= What you need to do =
It would help if you retyped the data exactly, leaving out the pictures.

= Exercise data =
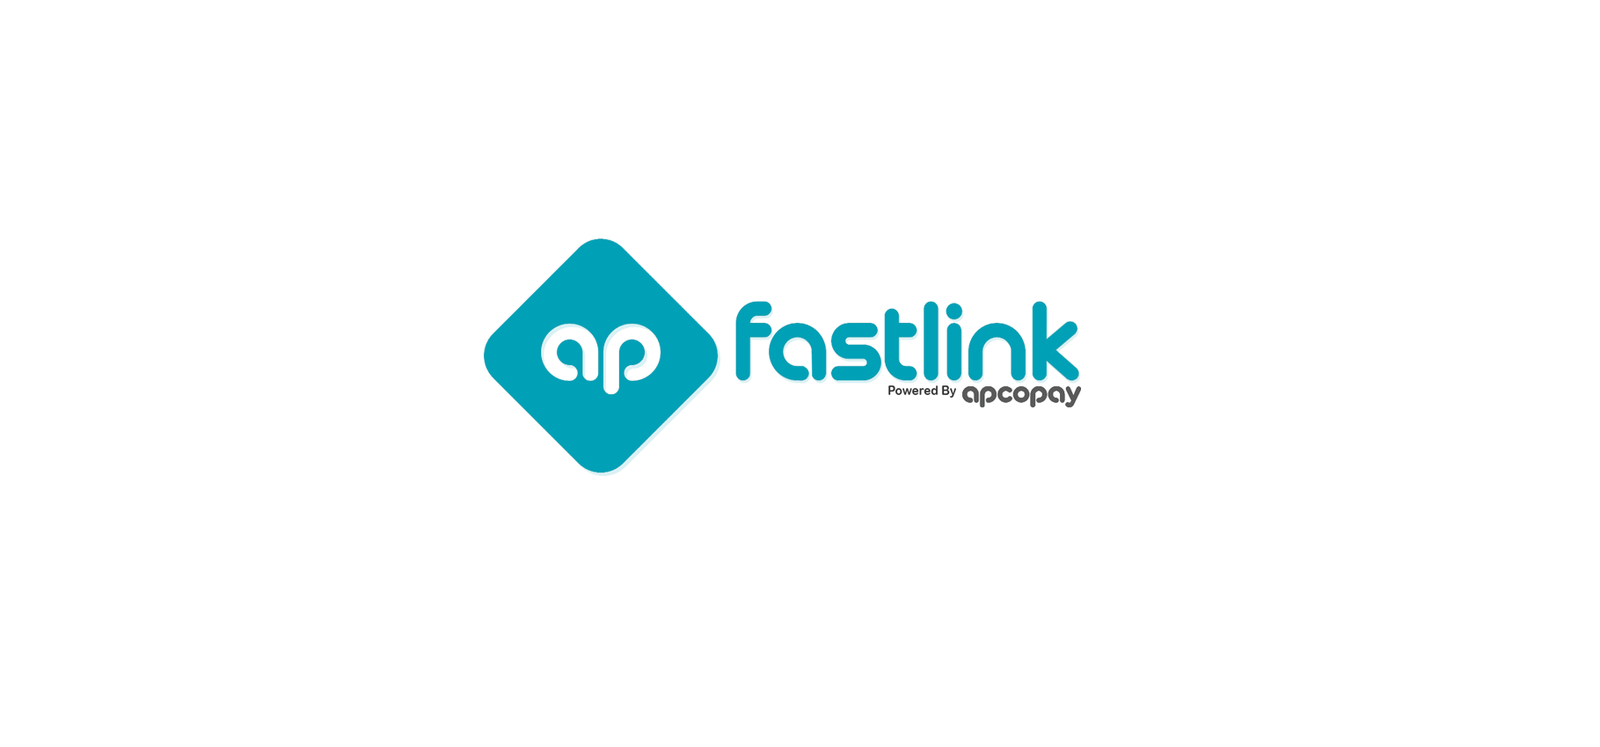 Fastlink
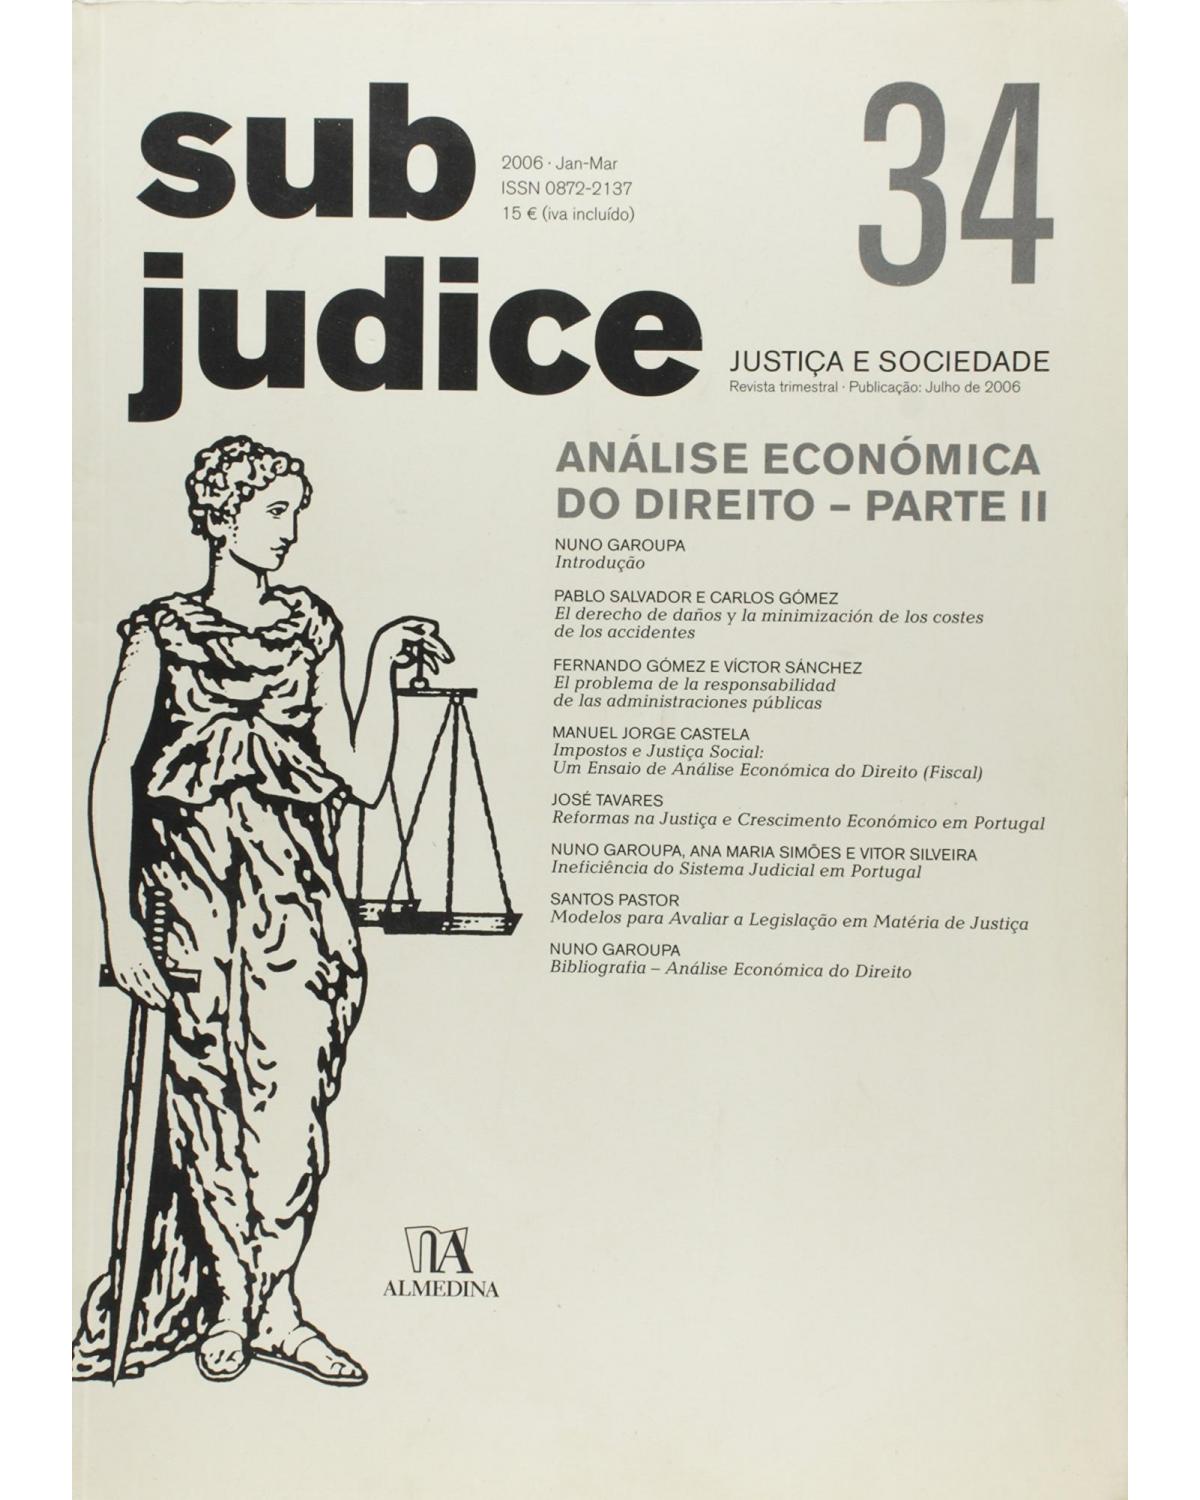 Sub judice - Volume 34: análise económica do direito - Parte II - 1ª Edição | 2006
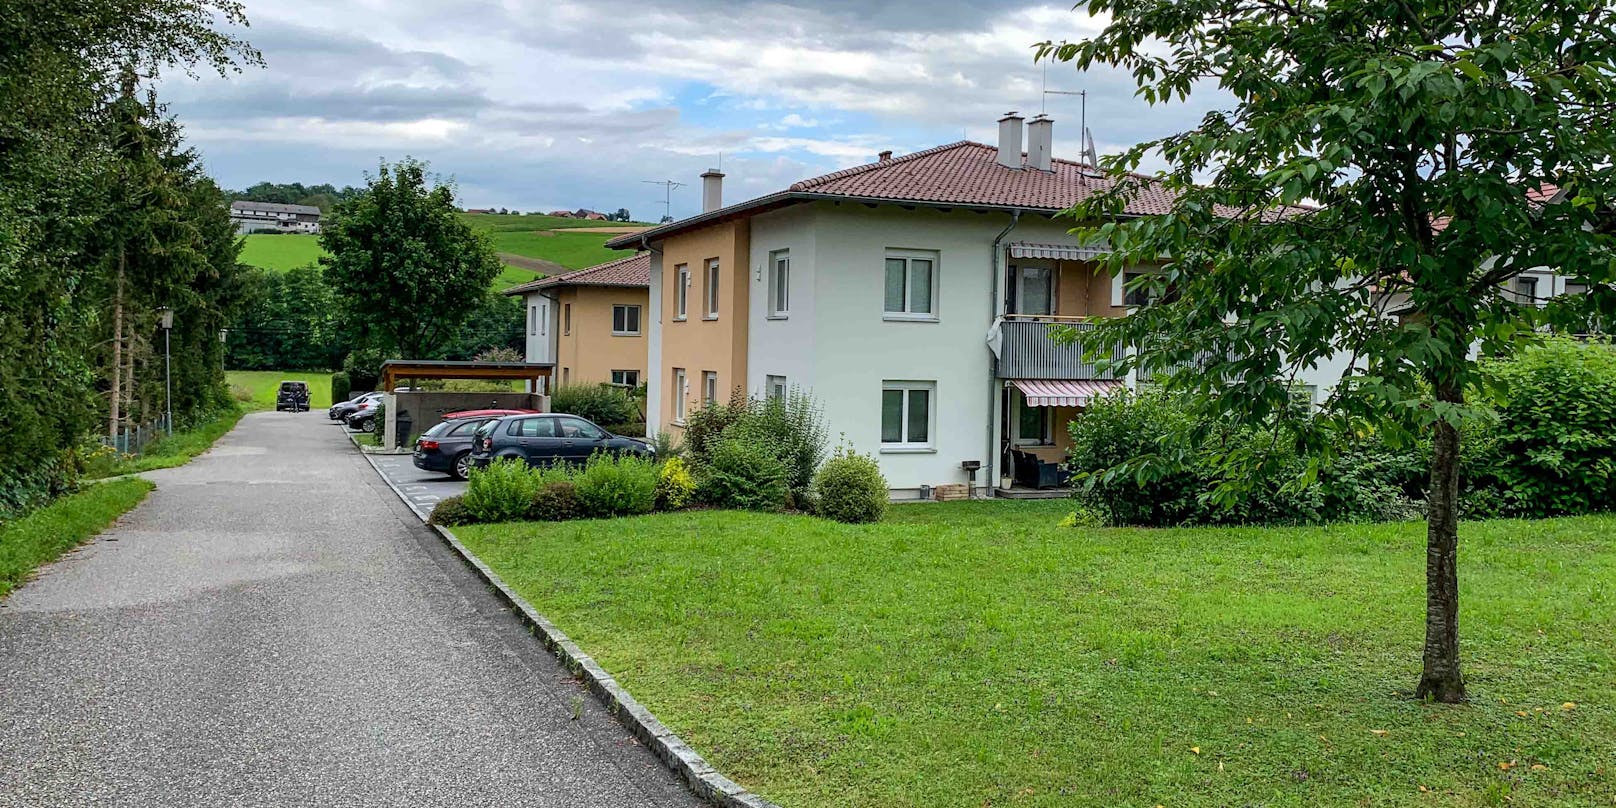 In diesem Haus in Rainbach am Innkreis soll am 17. Juli 2020 ein Familienvater versucht haben, seine Frau und die beiden Kinder zu töten.
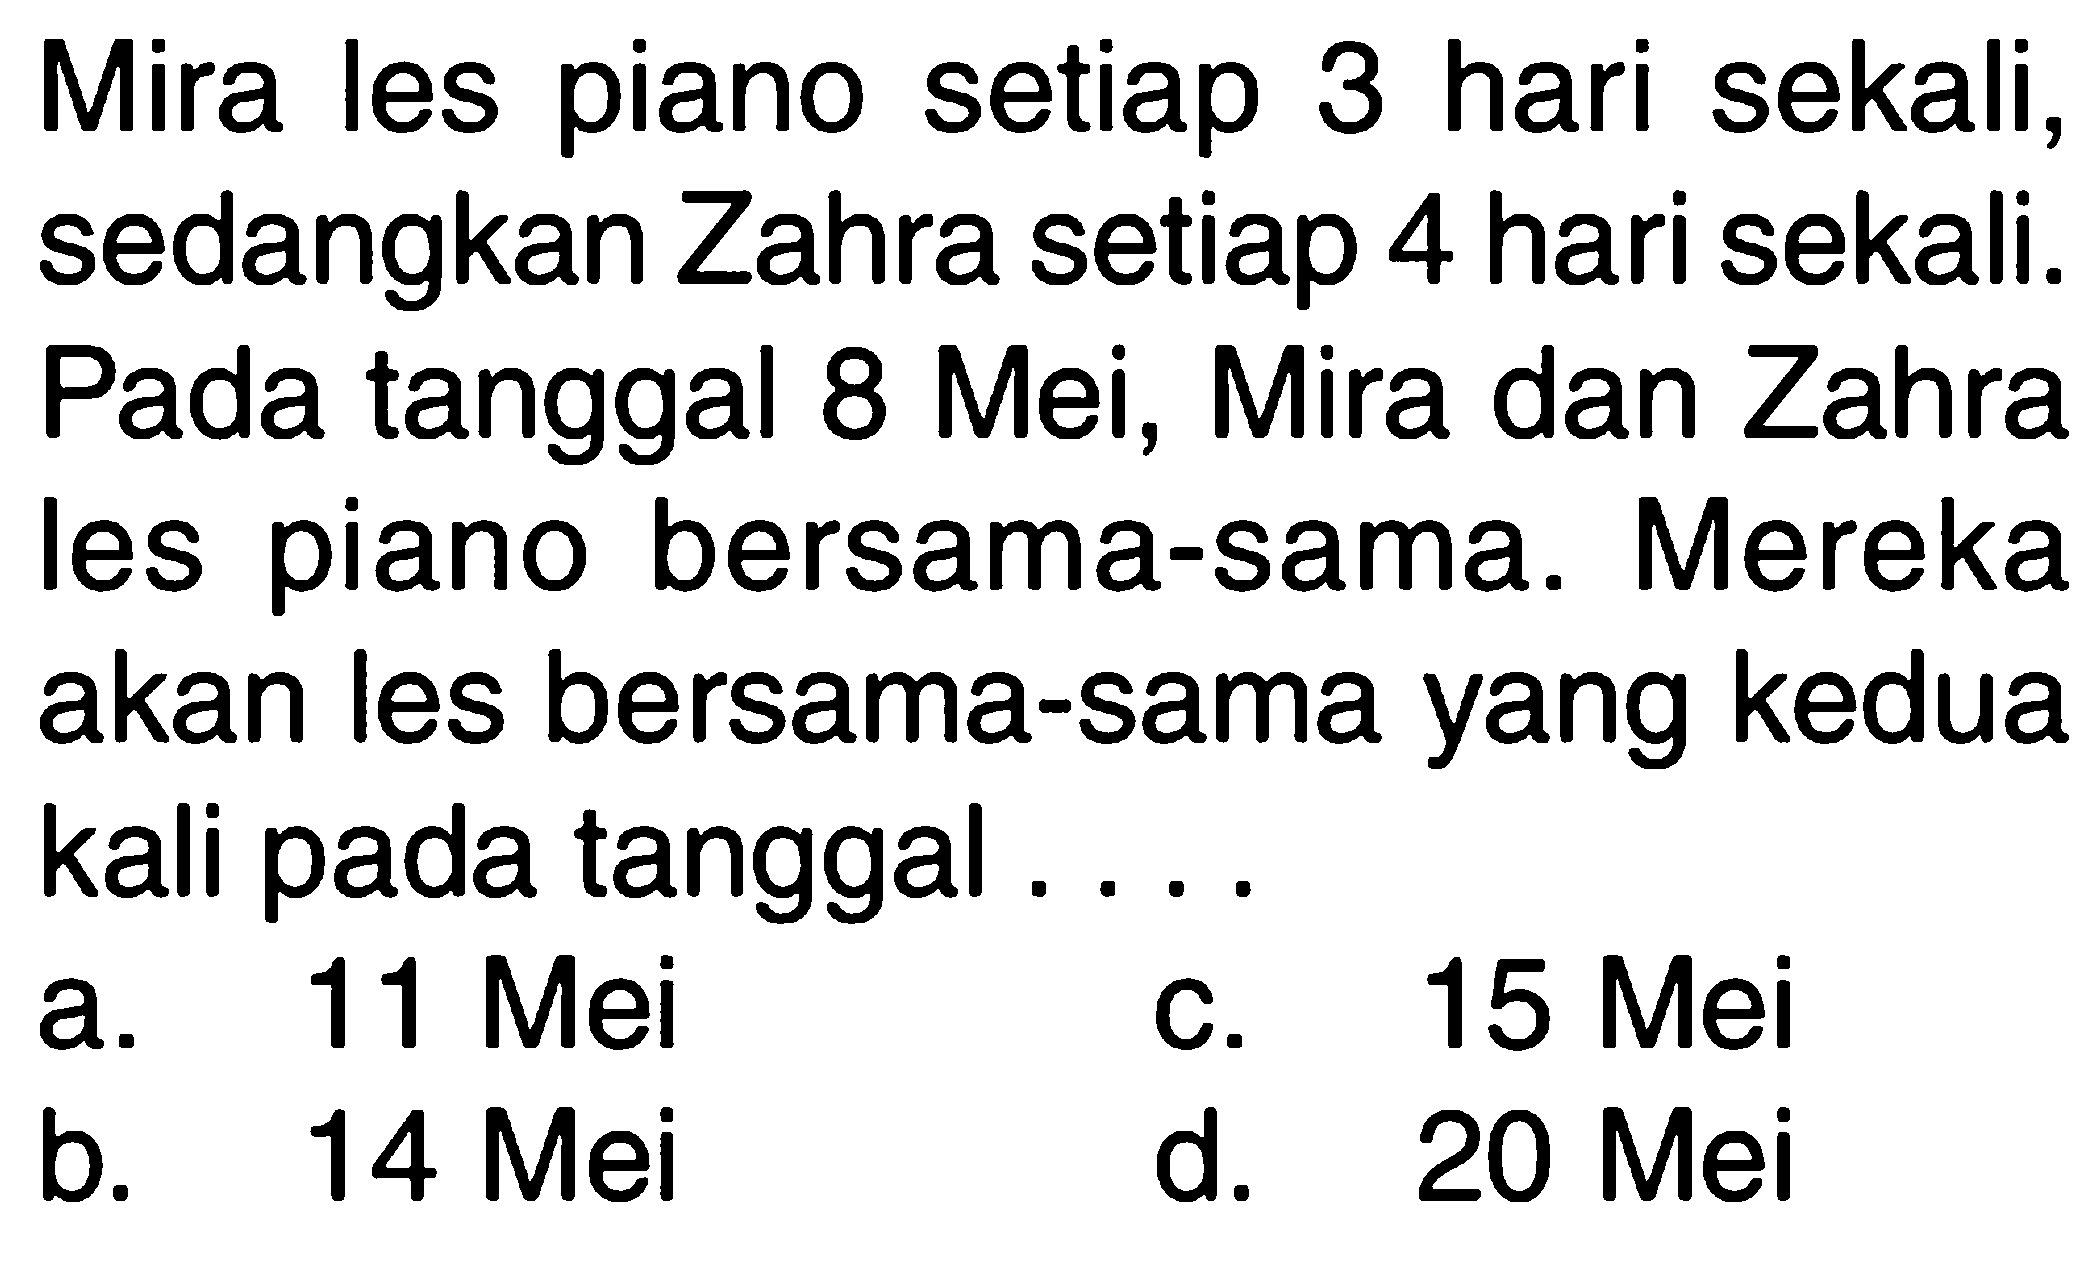 Mira les piano setiap 3 hari sekali, sedangkan Zahra setiap 4 hari sekali. Pada tanggal 8 Mei, Mira dan Zahra les piano bersama-sama. Mereka akan les bersama-sama yang kedua kali pada tanggal ....

= Answer for the task =
 Fastlink
 Sub judice - Volume 34: análise económica do direito - Parte II - 1ª Edição | 2006
 In diesem Haus in Rainbach am Innkreis soll am 17. Juli 2020 ein Familienvater versucht haben, seine Frau und die beiden Kinder zu töten.
 Mira les piano setiap 3 hari sekali, sedangkan Zahra setiap 4 hari sekali. Pada tanggal 8 Mei, Mira dan Zahra les piano bersama-sama. Mereka akan les bersama-sama yang kedua kali pada tanggal ....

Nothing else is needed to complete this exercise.